Exercise prompt: Leaving the pictures aside, write out the whole listing below exactly.

Data shown:
BEGIN

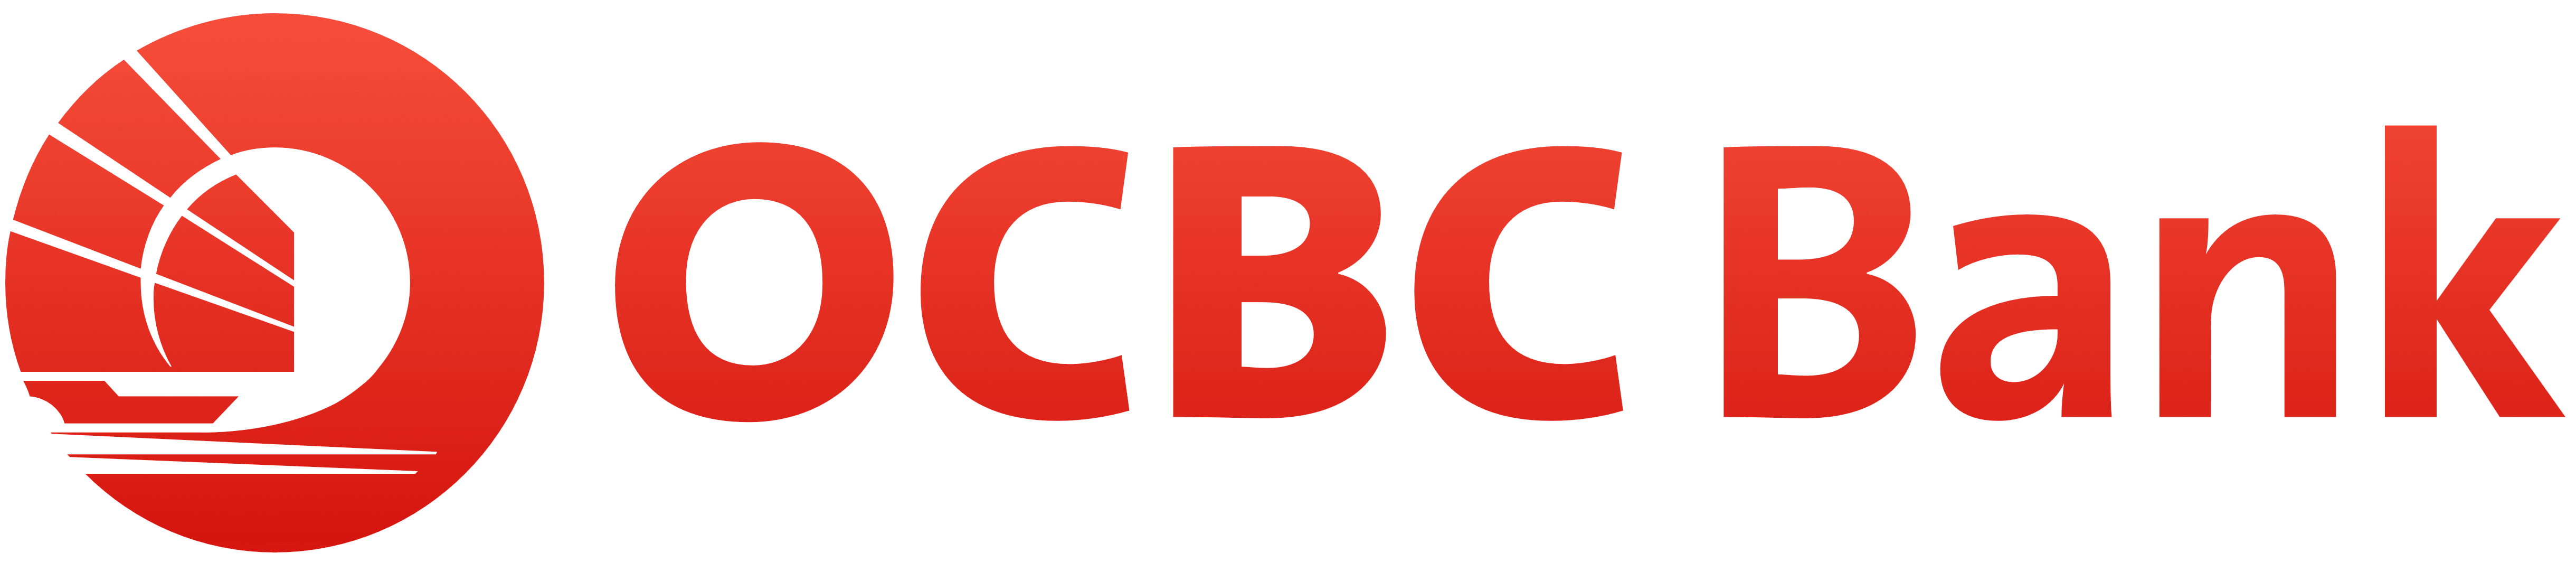 OCBC Bank Singapore logo, logotype
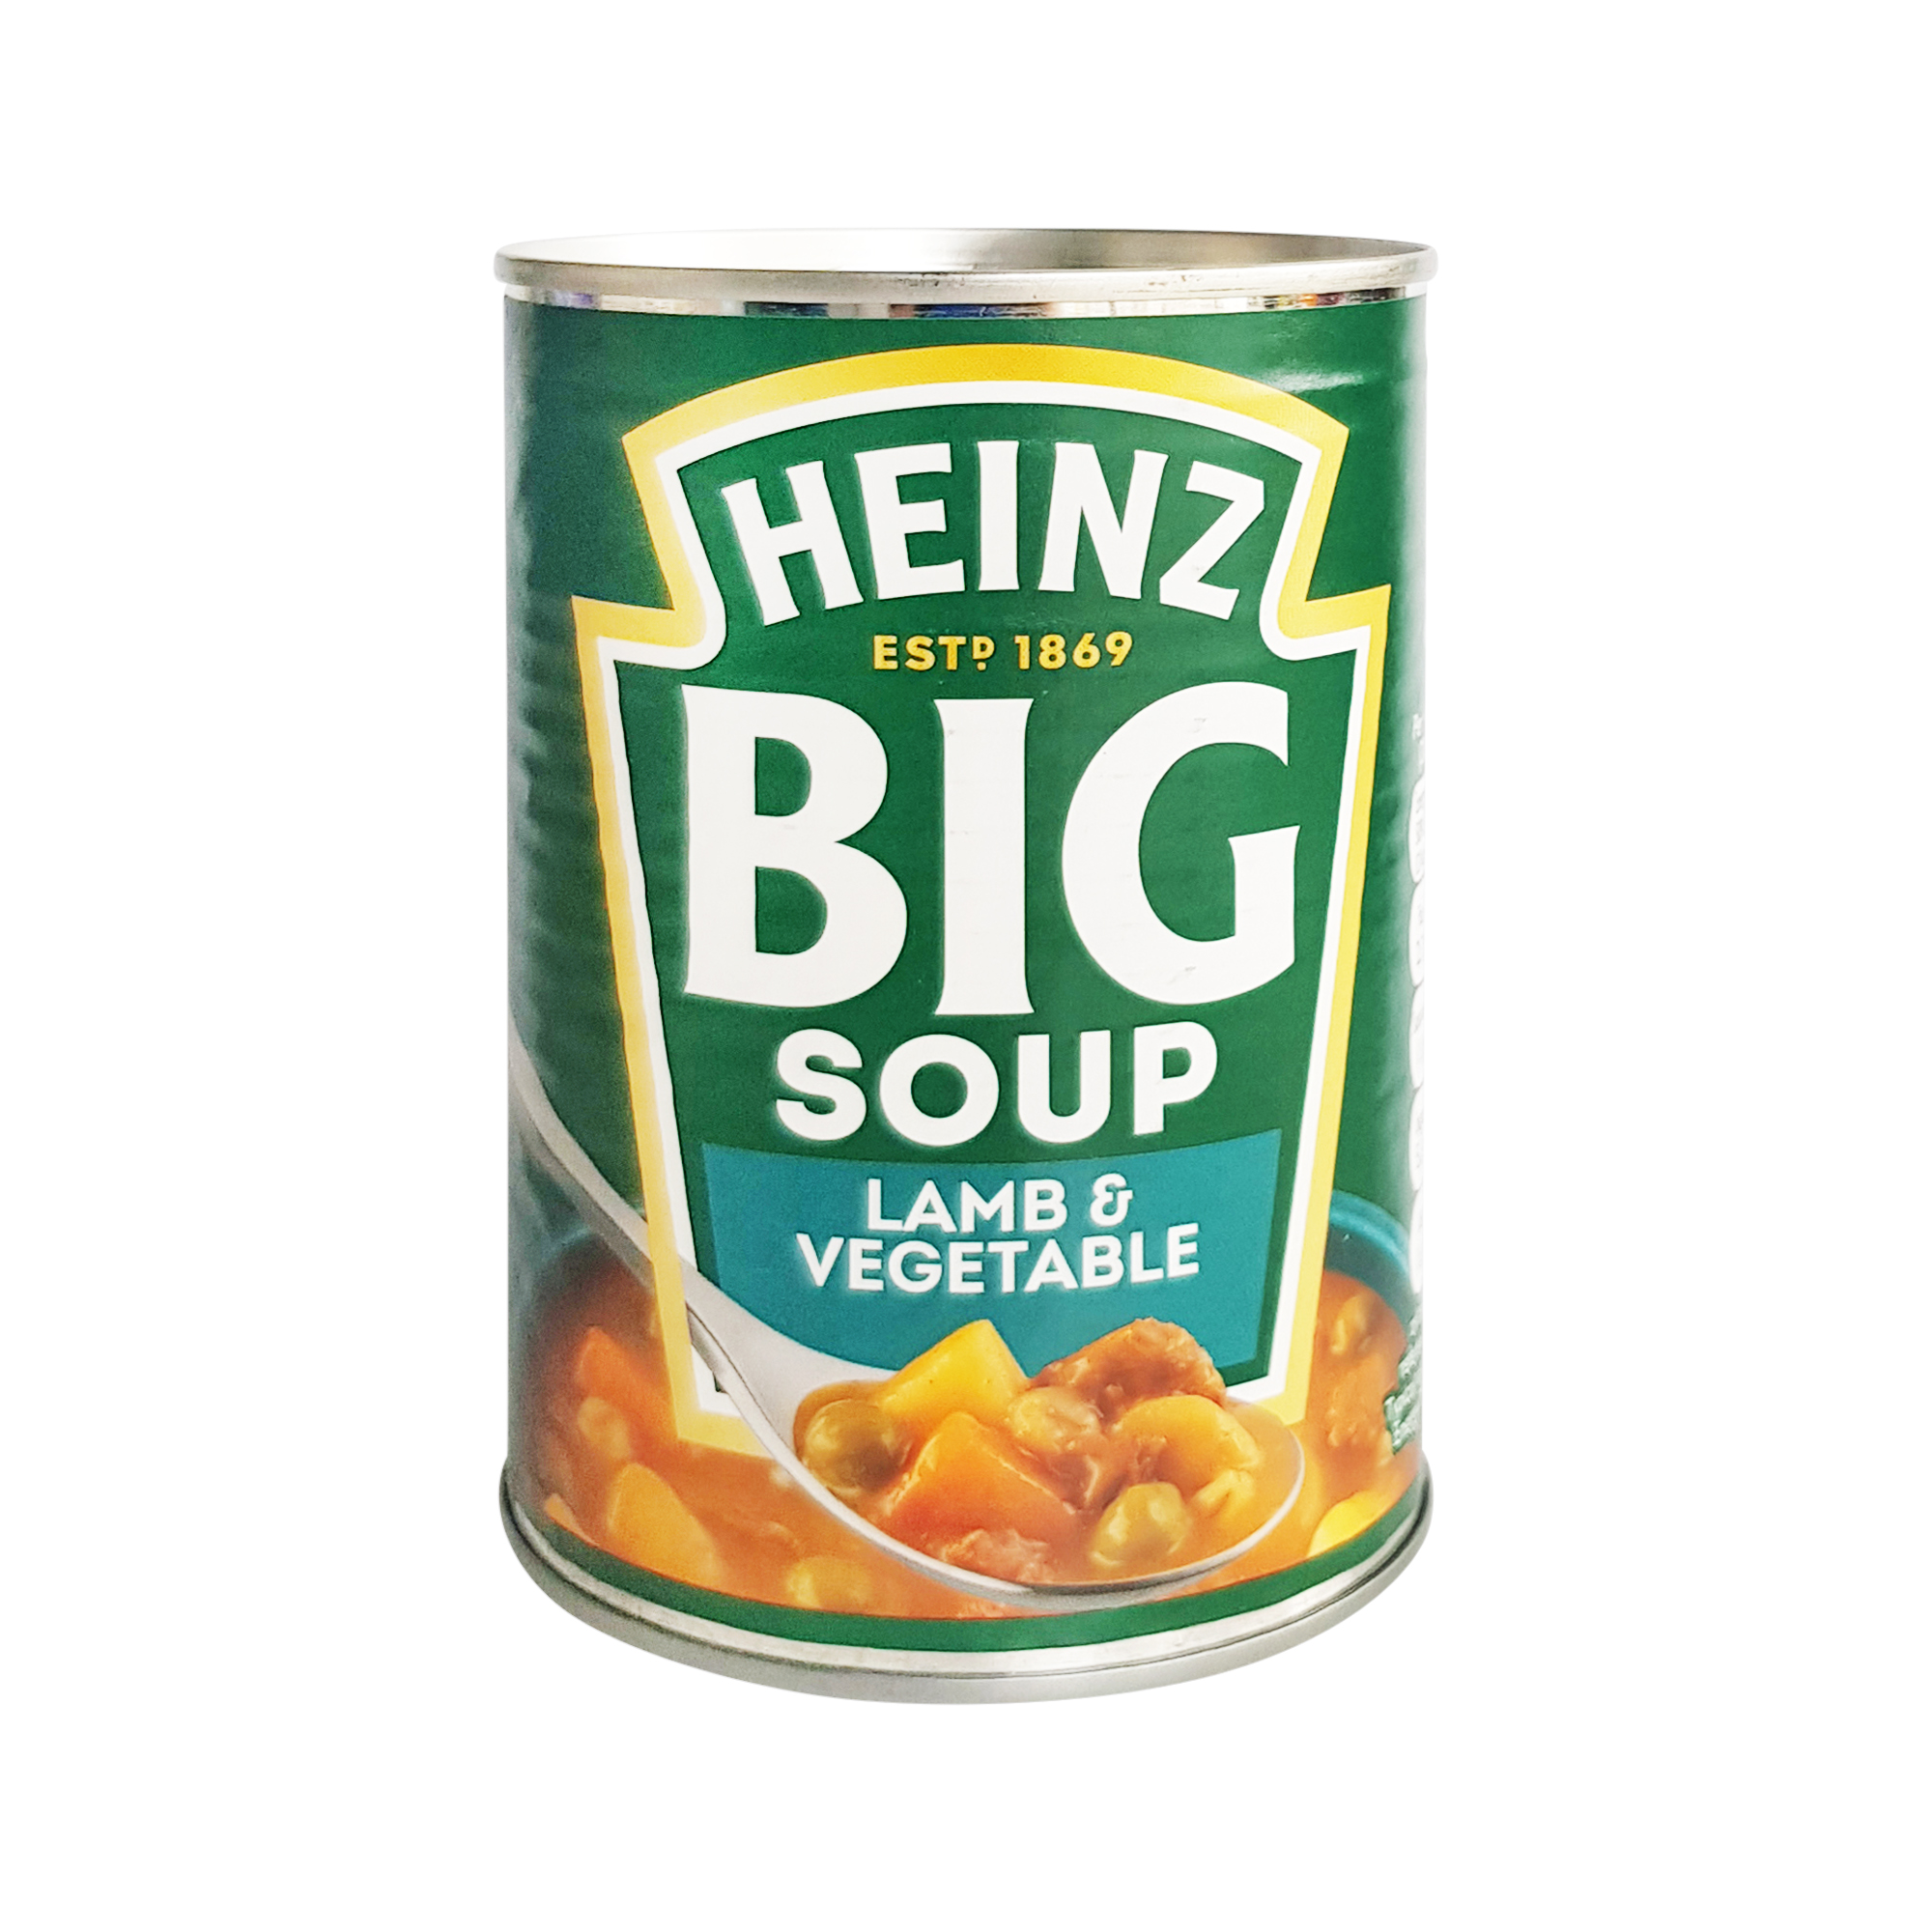 Heinz Big Soup Lamb & Vegetable (400g)
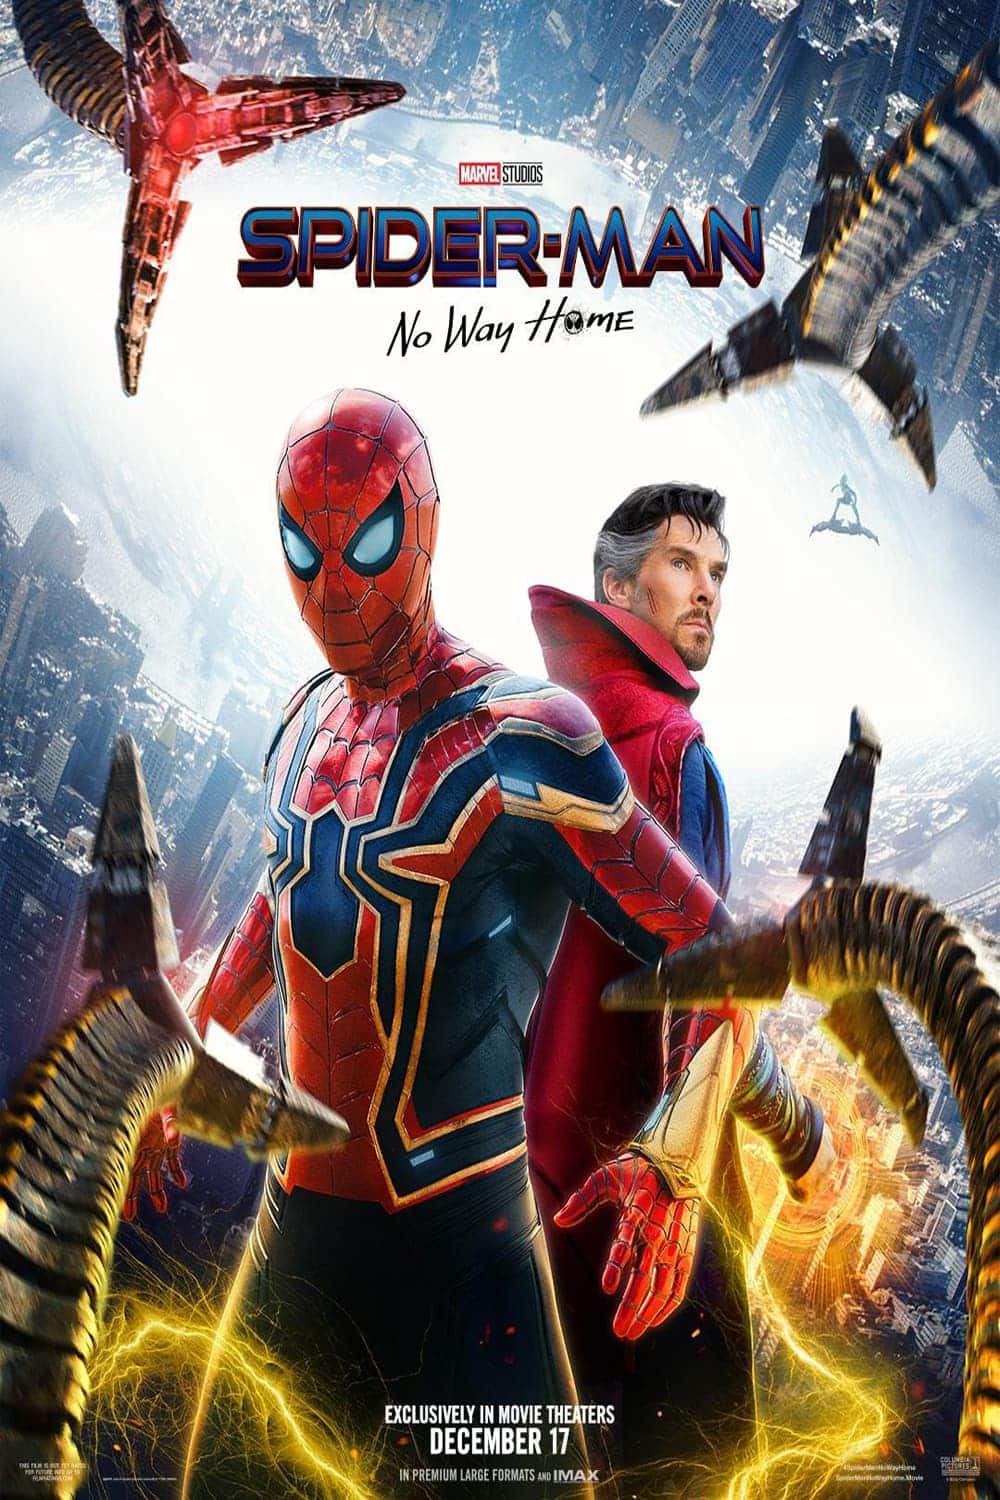 Spider-Man No Way Home review

END

Solution for this task:
 OCBC Bank Singapore logo, logotype
 Heinz Big Soup Lamb & Vegetable (400g)
 Spider-Man No Way Home review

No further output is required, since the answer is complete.